- Exercise data:
━━━━
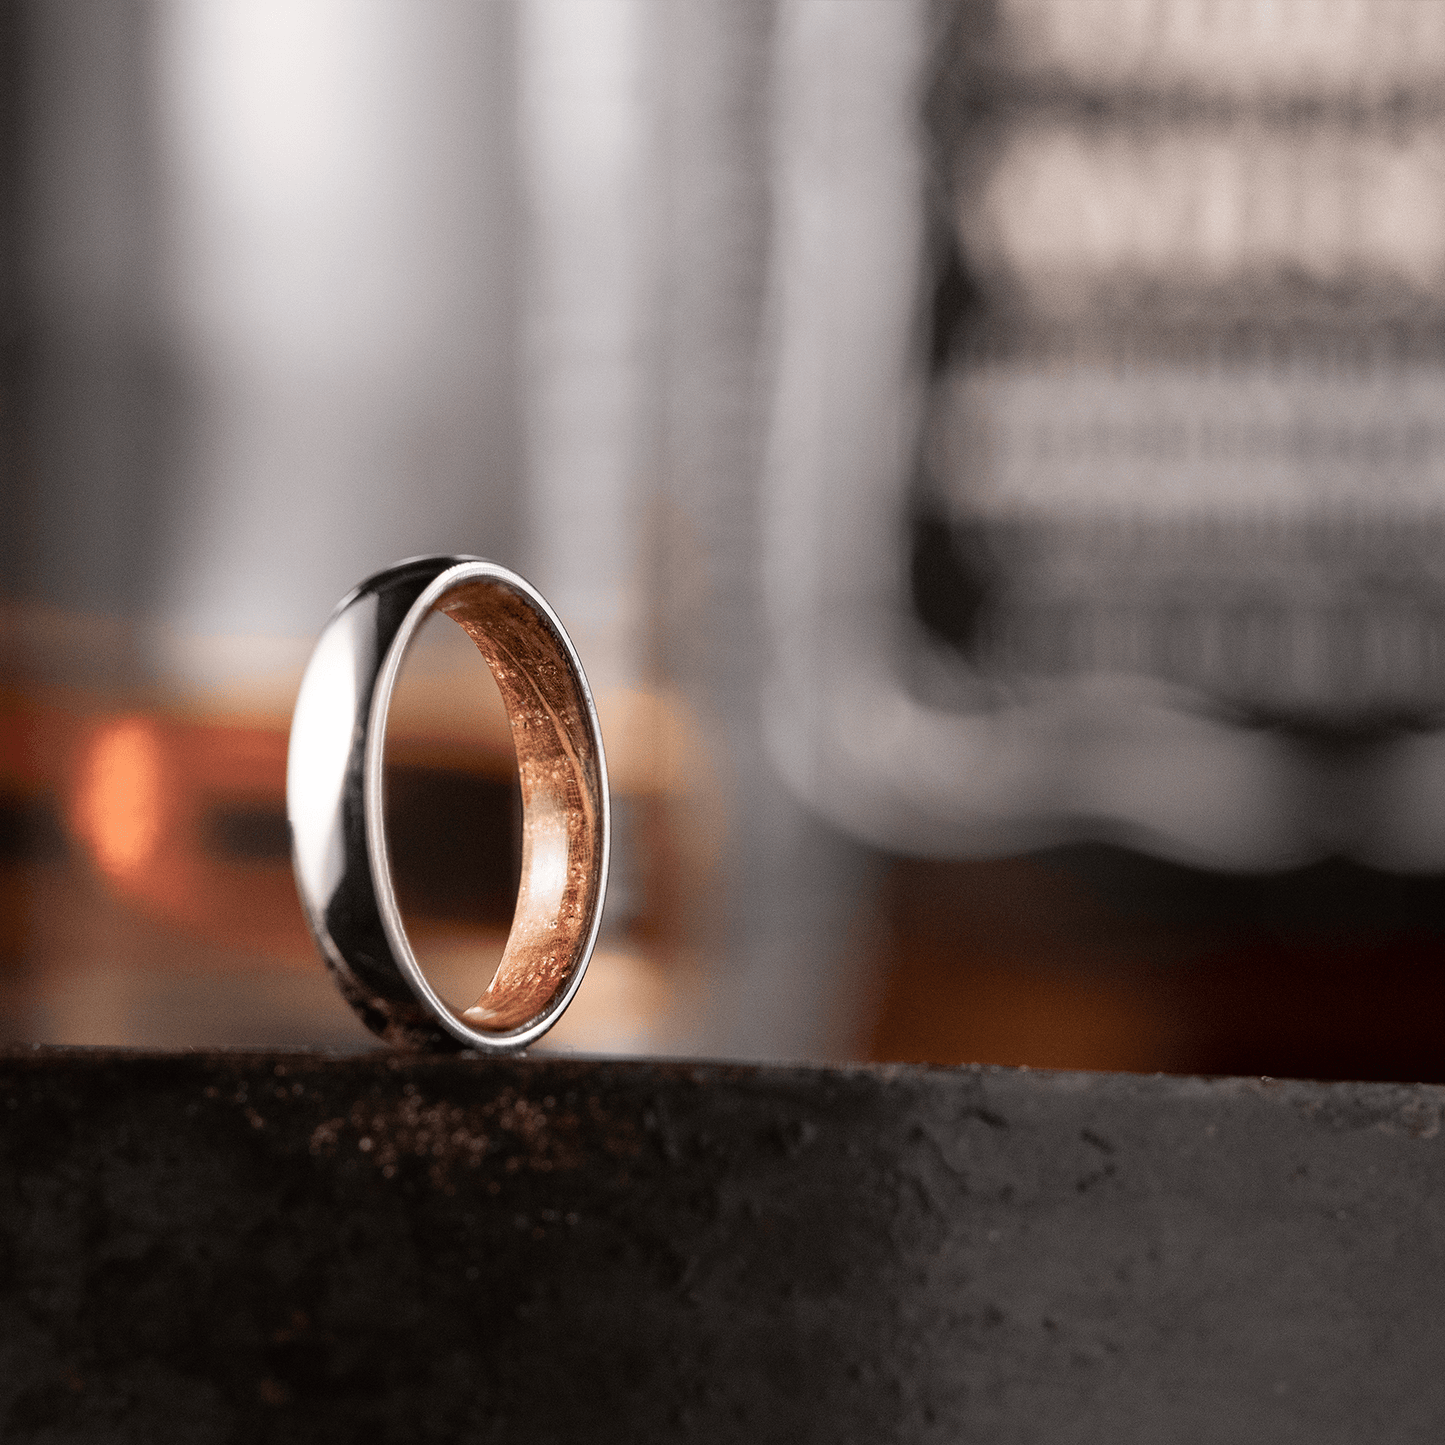 The Cady - Men's Wedding Rings - Manly Bands
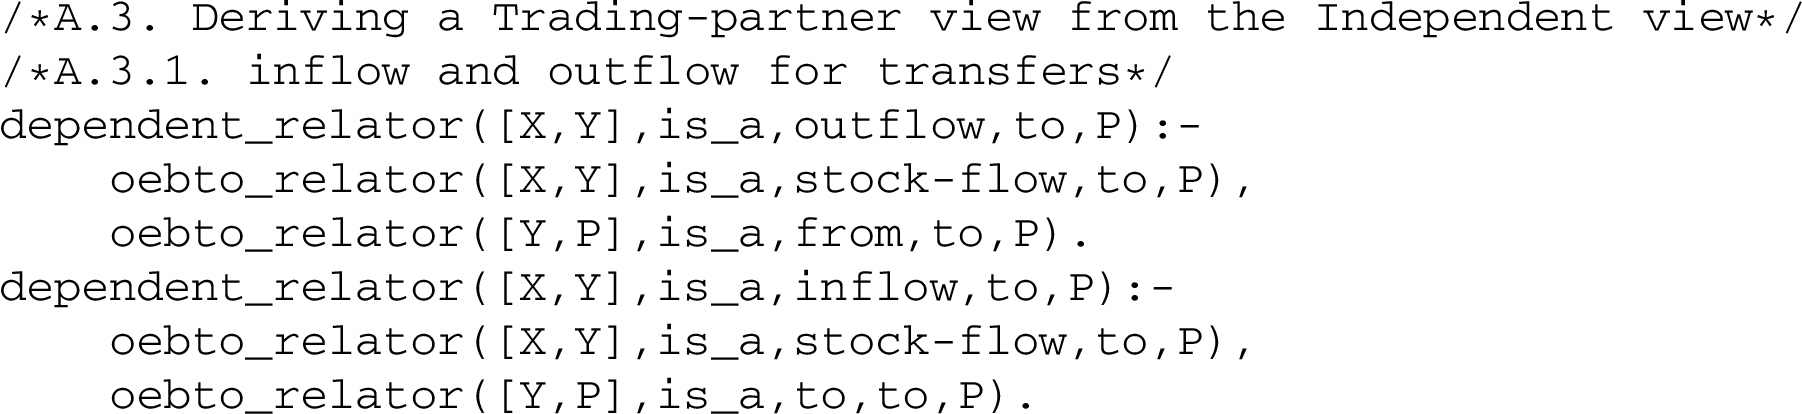 Derives inflow and outflow relators from to and from semantics.
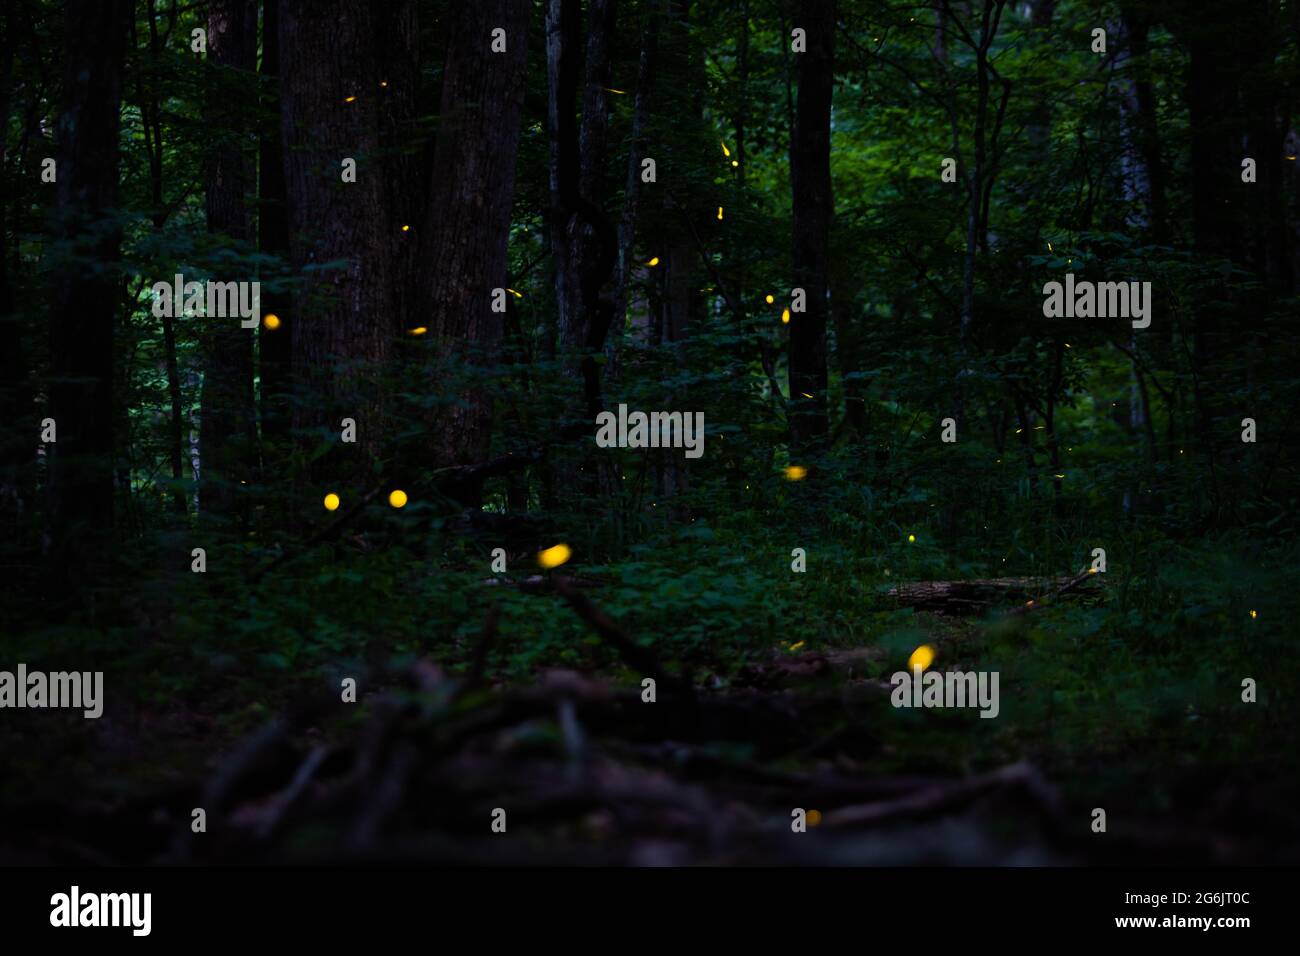 Real fireflies lights in the forest at night magic scenic view nobody Stock Photo
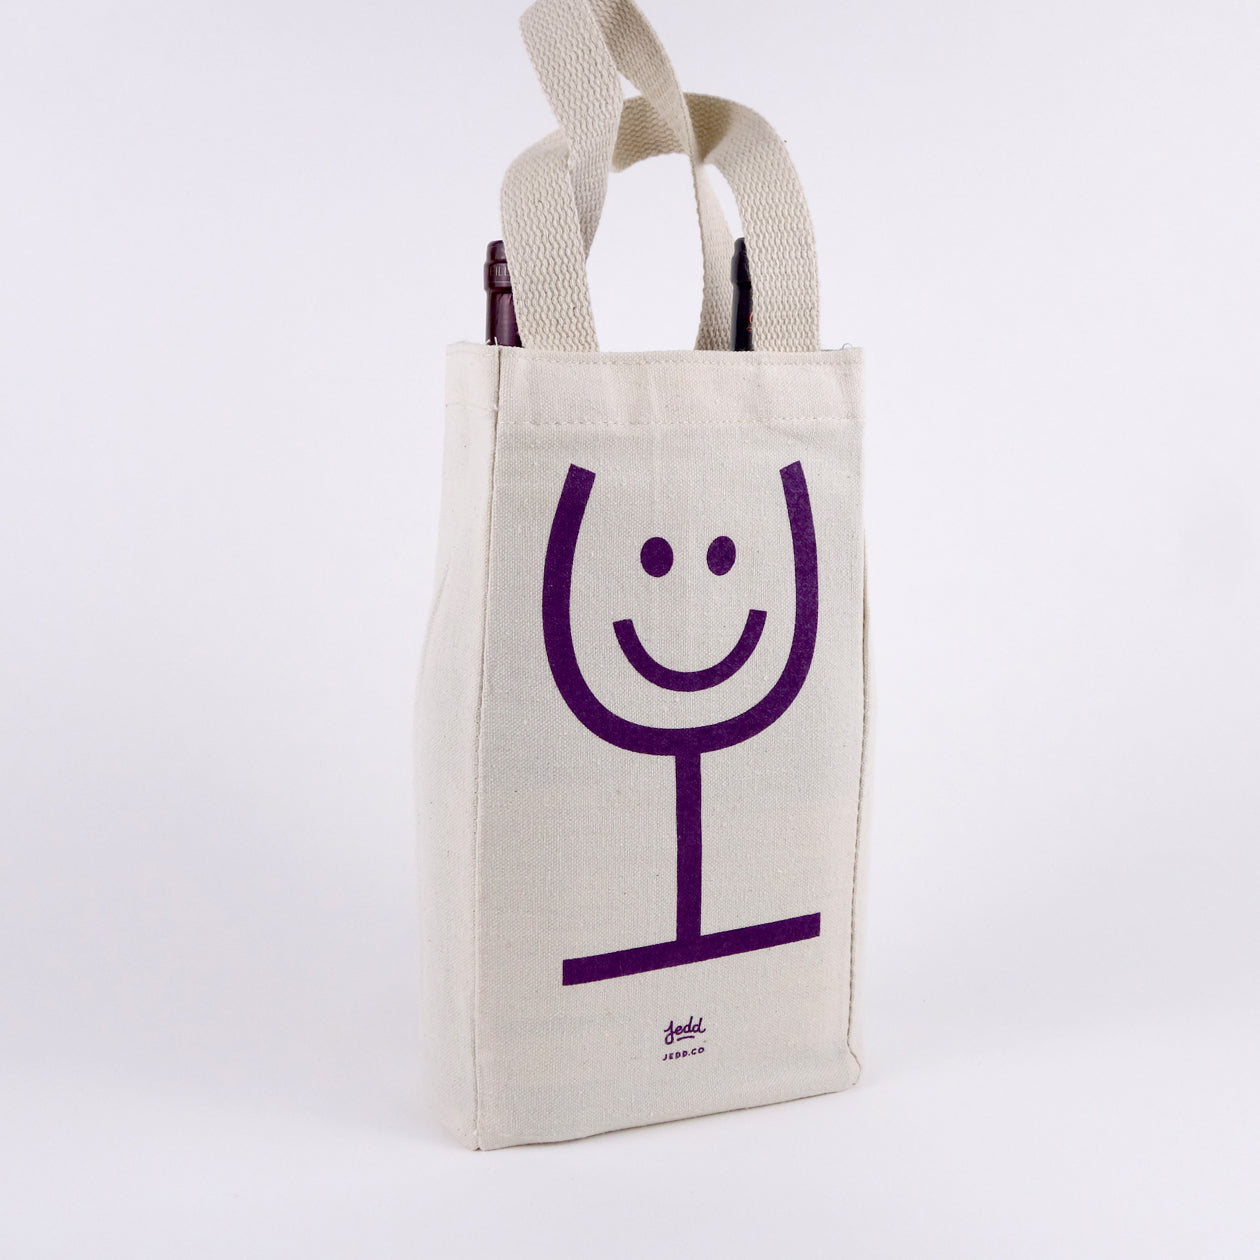 A canvas wine tote with a glass of wine smiley face illustration screen printed in purple.
━━━━
- Task directions: Reproduce every line above as written, skipping pictures.

- Task response:
 The Cady - Men's Wedding Rings - Manly Bands
 Derives inflow and outflow relators from to and from semantics.
 Real fireflies lights in the forest at night magic scenic view nobody Stock Photo
 A canvas wine tote with a glass of wine smiley face illustration screen printed in purple.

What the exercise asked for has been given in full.